The important role of mechanical joint stress for the insert and progress of osteoarthritis (OA) is supported by recent studies. The degeneration of joint cartilage is caused either by unphysiological load of a healthy joint or physiological load of a damaged joint. The exact mechanisms leading from increased weight bearing and overuse to cartilage degeneration are mostly unknown.

The hypothesis of the study is that parameters of oxidative stress in the joint synovial space reflect damages possibly leading to OA. These parameters correlate with parameters of oxidative stress in the peripheral blood. Aim of the study is the identification of such non- invasive obtainable biomarkers which represent the degenerative and regenerative changes in joint.

Condition or disease

Detailed Description:

Patients with clinically manifest OA typically consult the physician at time of irreversible cartilage destruction. This is due to the long time clinically silent progress of the disease.
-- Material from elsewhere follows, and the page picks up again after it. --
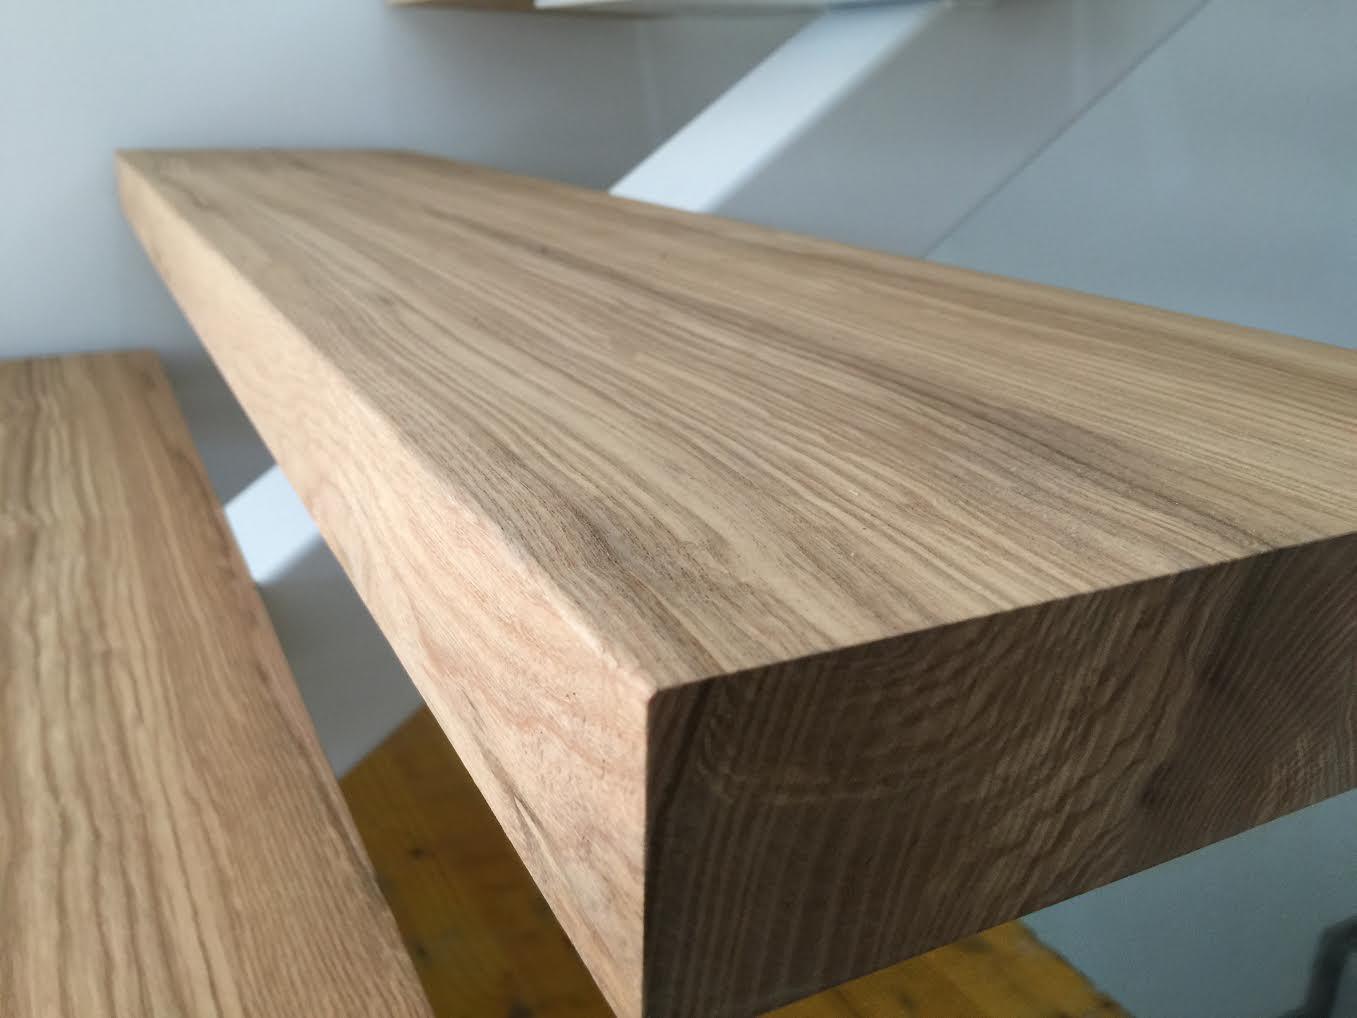 escaliers acier escalier contemporain sur mesure. Black Bedroom Furniture Sets. Home Design Ideas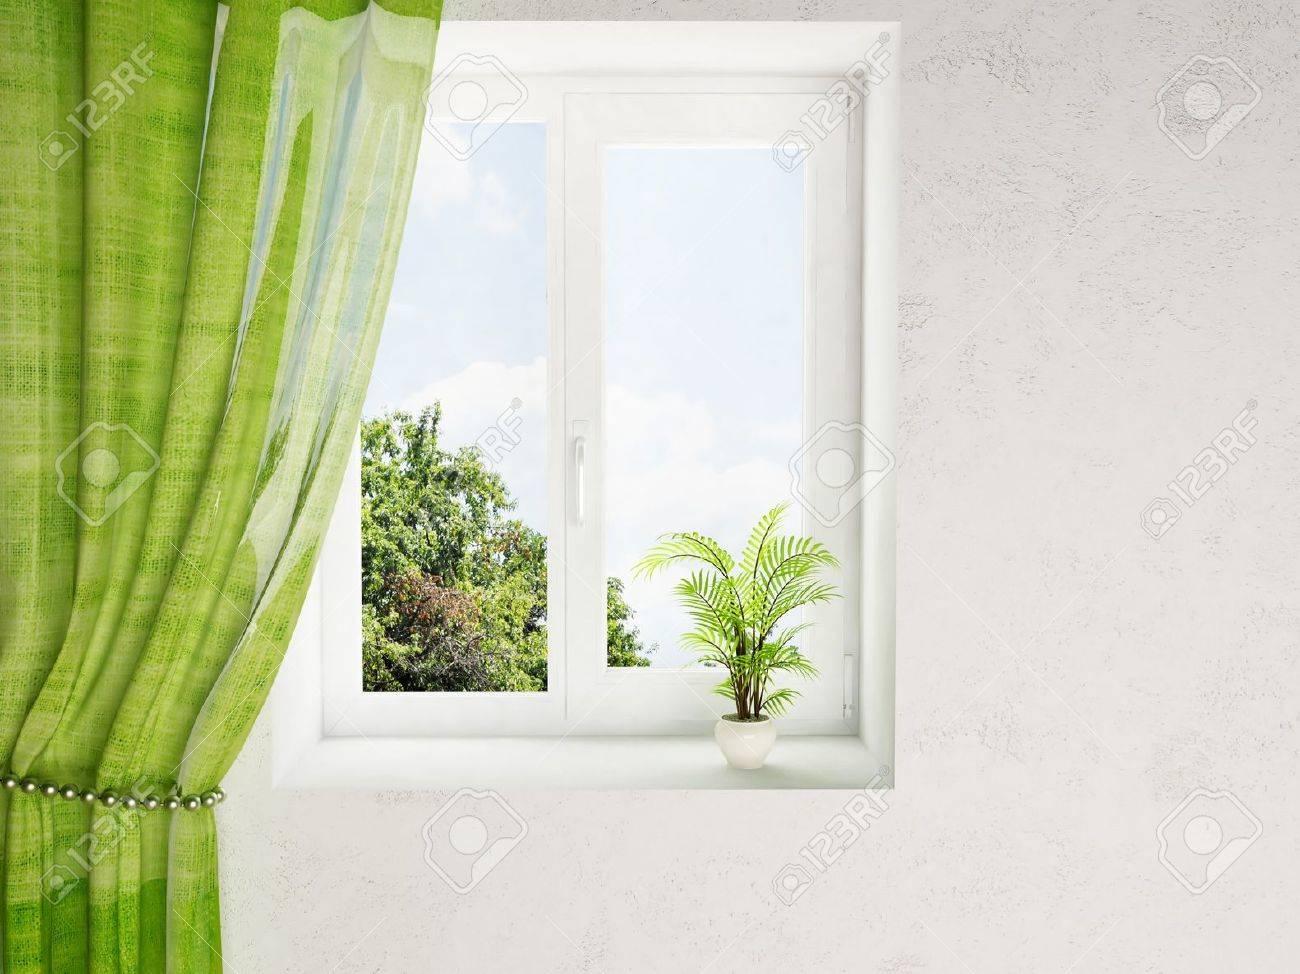 Interior Design Window interior design scene with a plant on the window stock photo

A biomarker screening profile for joint damage is a valuable tool for the detection of over use and joint damaging conditions especially in competitive sports. This would provide a method for OA risk assessment for the patient before clinical symptoms occur. For this the first step is the identification of biological substances reflecting pathologic changes in the joint.

Since preterm chondrocyte senescence, apoptosis and ageing related changes are key factors in OA pathophysiology and each of these factors is closely related to oxidative dysbalance the measurement of these factors and correlation with the amount of joint damage is promising.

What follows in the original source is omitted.